» Material provided
=-=-=
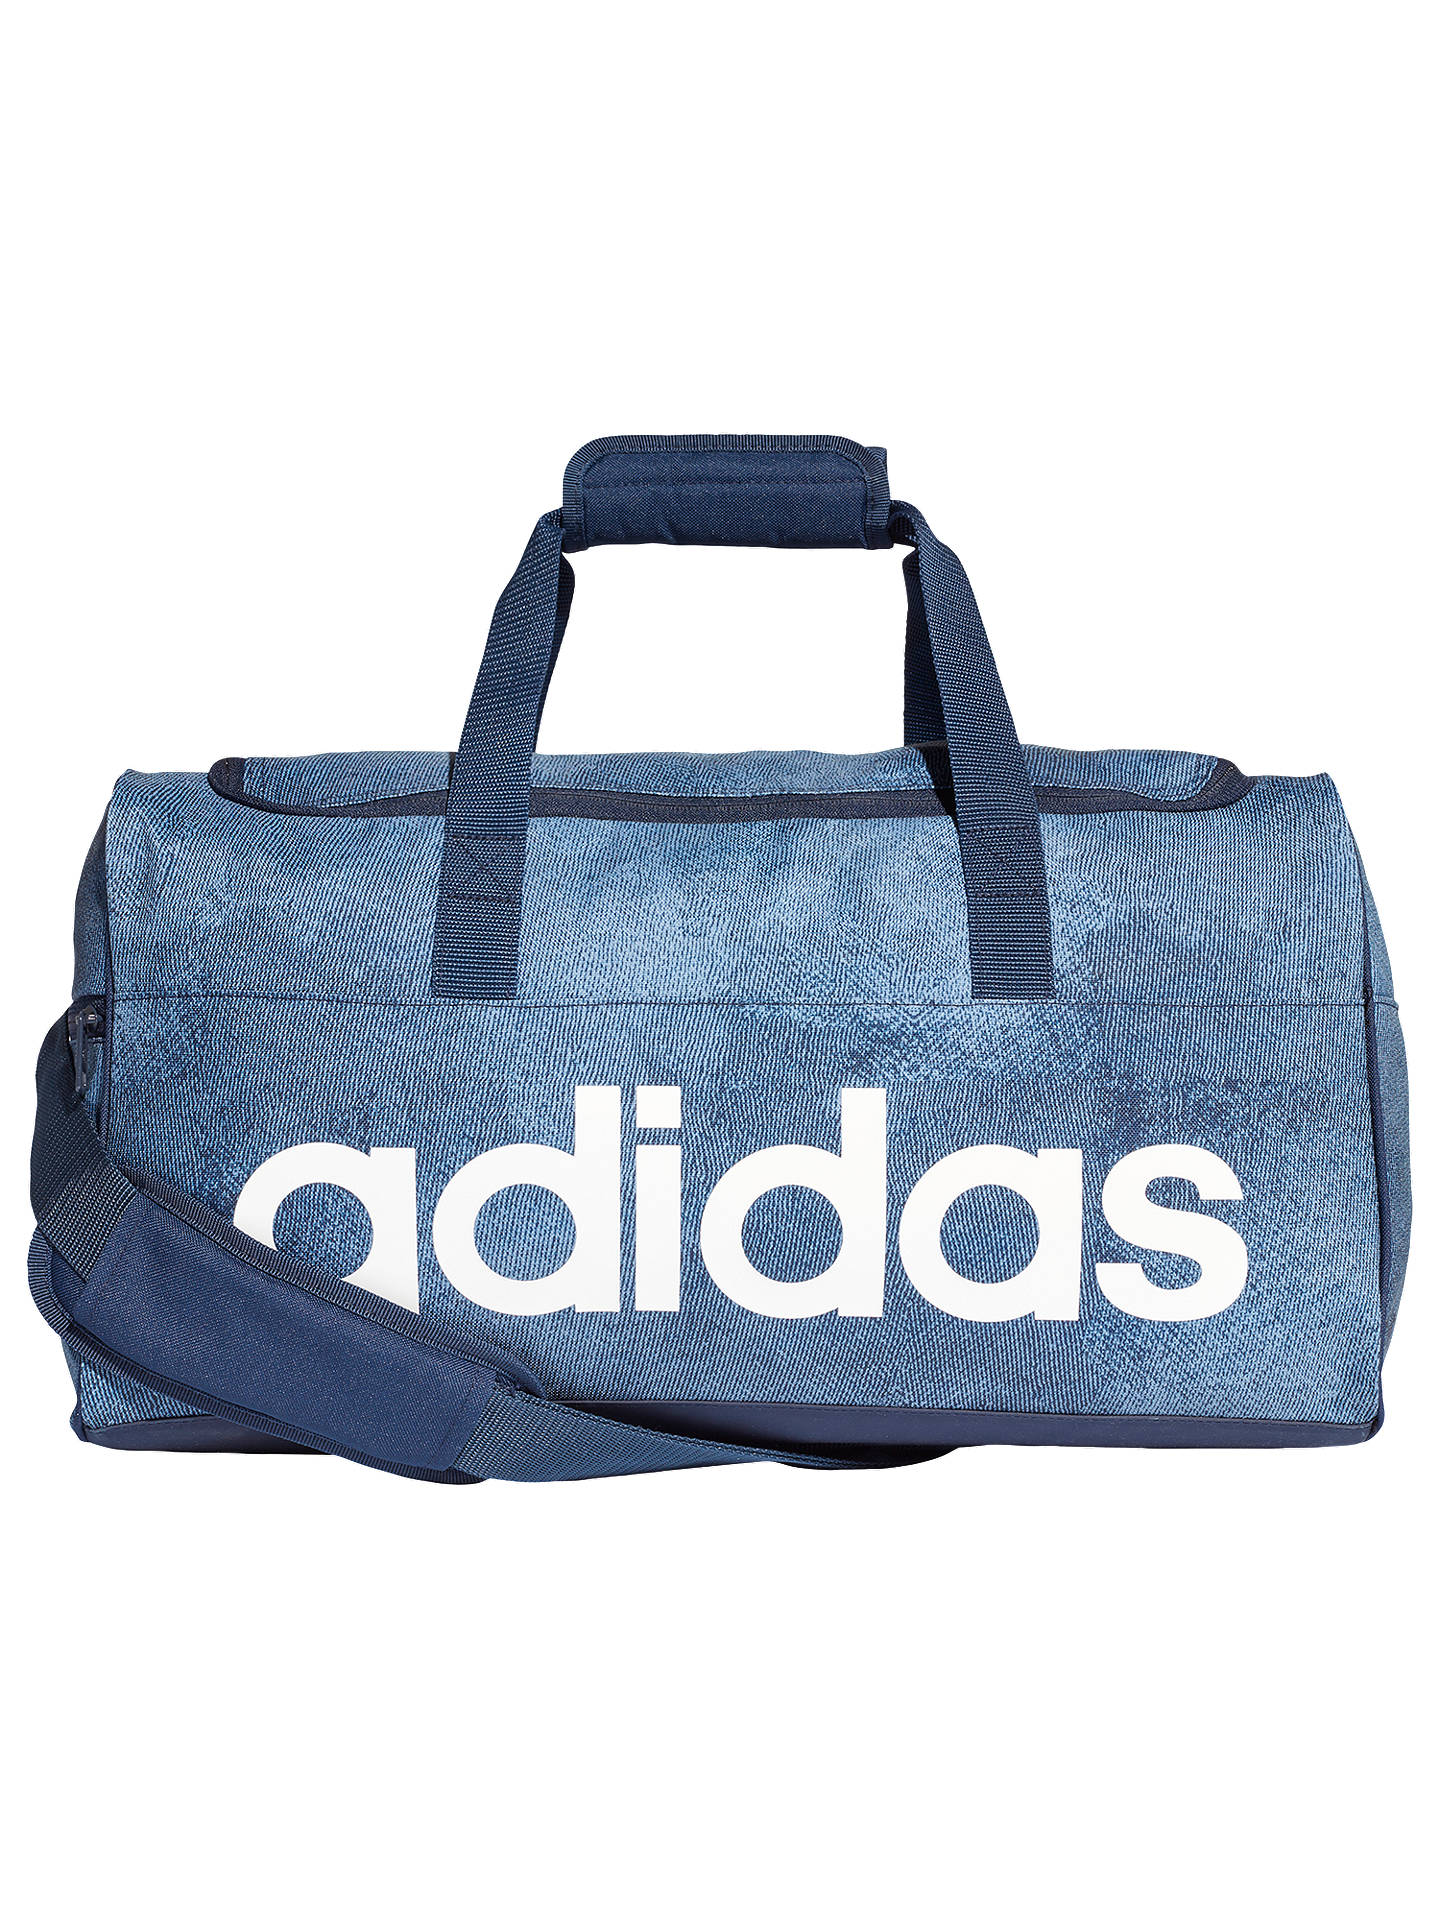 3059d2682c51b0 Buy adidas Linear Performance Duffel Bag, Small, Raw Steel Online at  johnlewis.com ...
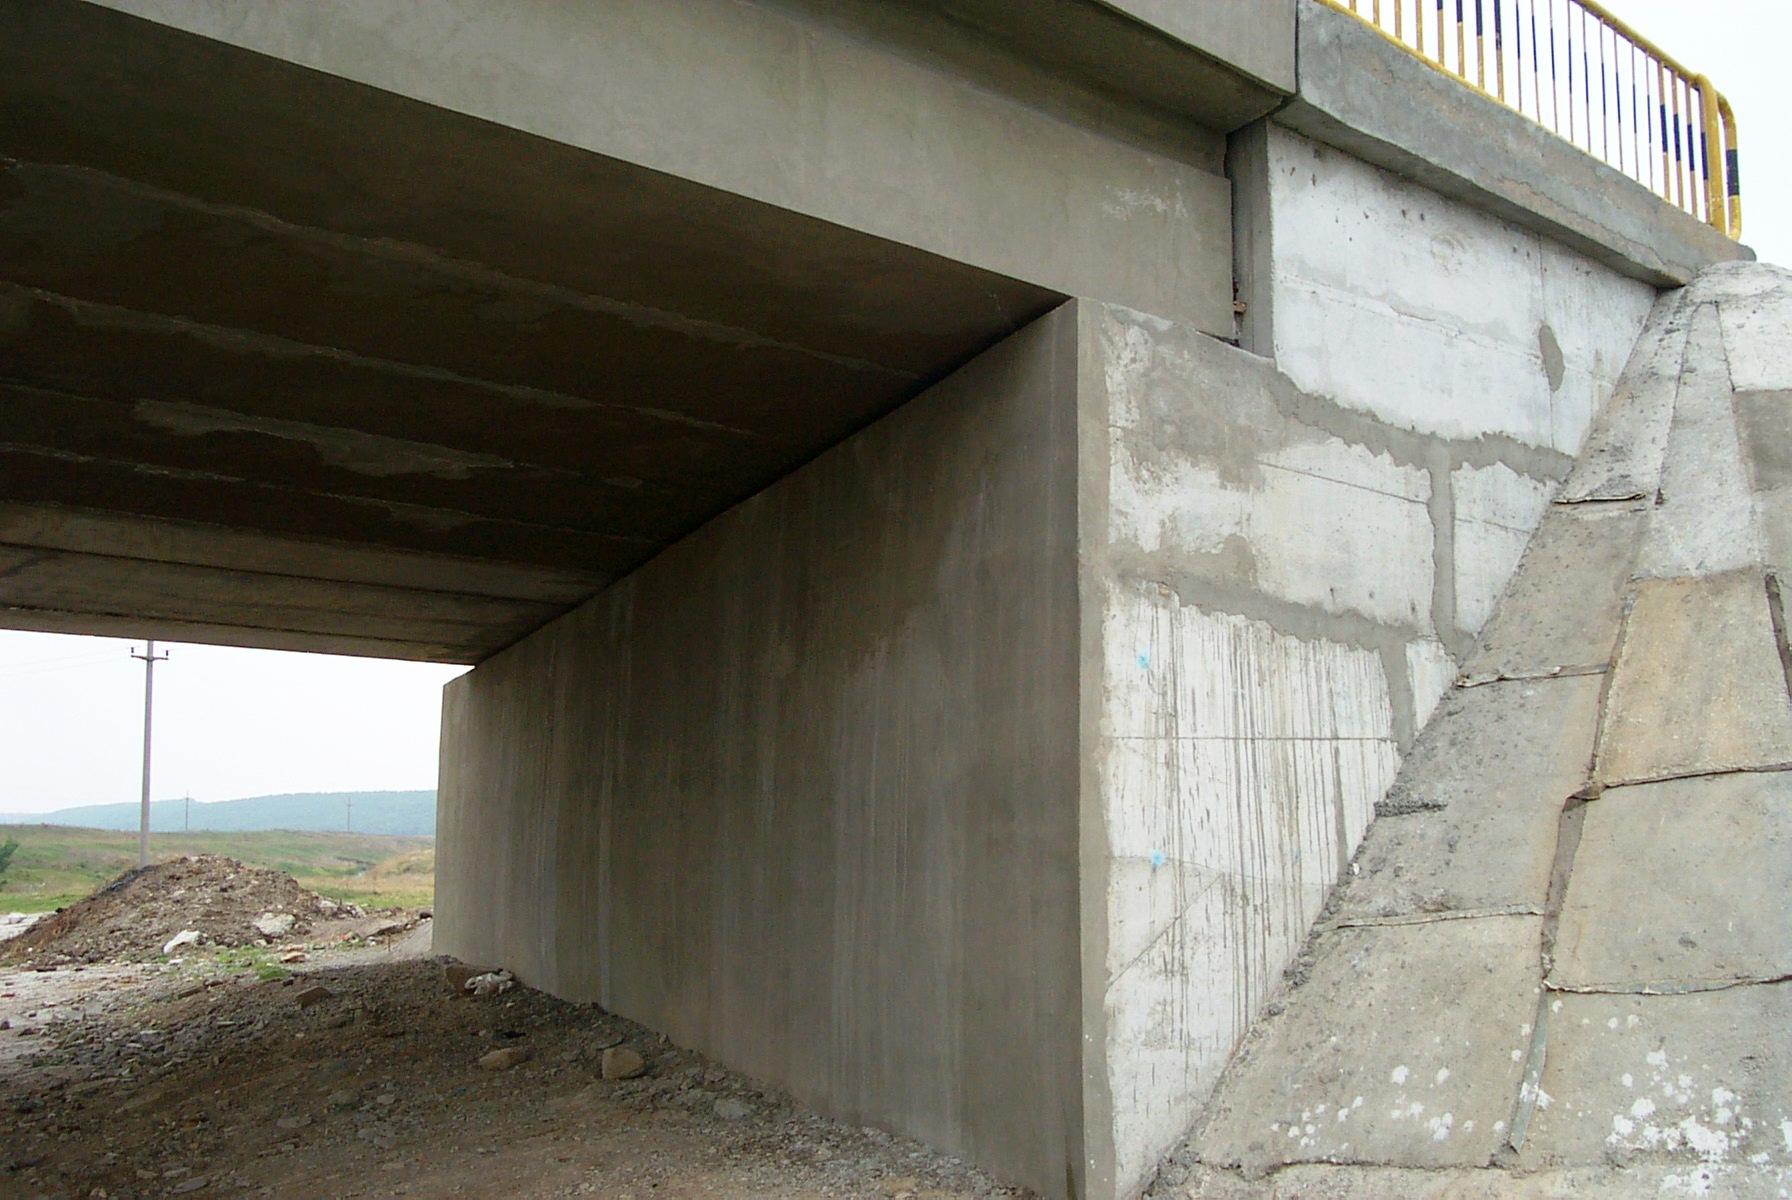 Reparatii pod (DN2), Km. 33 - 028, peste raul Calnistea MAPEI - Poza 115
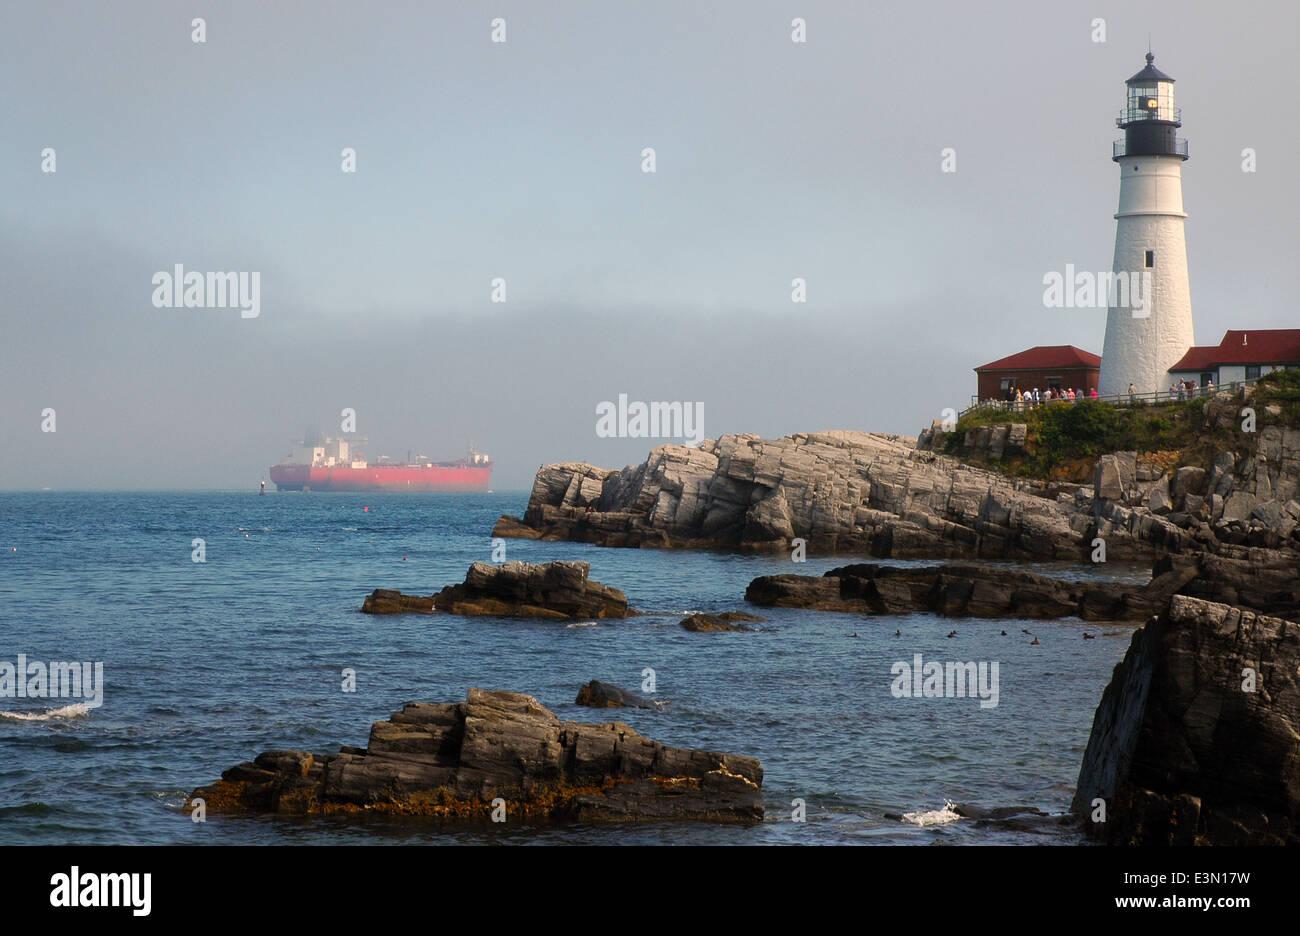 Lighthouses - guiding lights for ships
=-=-=
» Work task
Beginning with the line that contains "Reparatii pod (DN2), Km." and ending with the last line of the data above, output those lines exactly and nothing more, without any pictures.

» Solution for this task
 Reparatii pod (DN2), Km. 33 - 028, peste raul Calnistea MAPEI - Poza 115
 Lighthouses - guiding lights for ships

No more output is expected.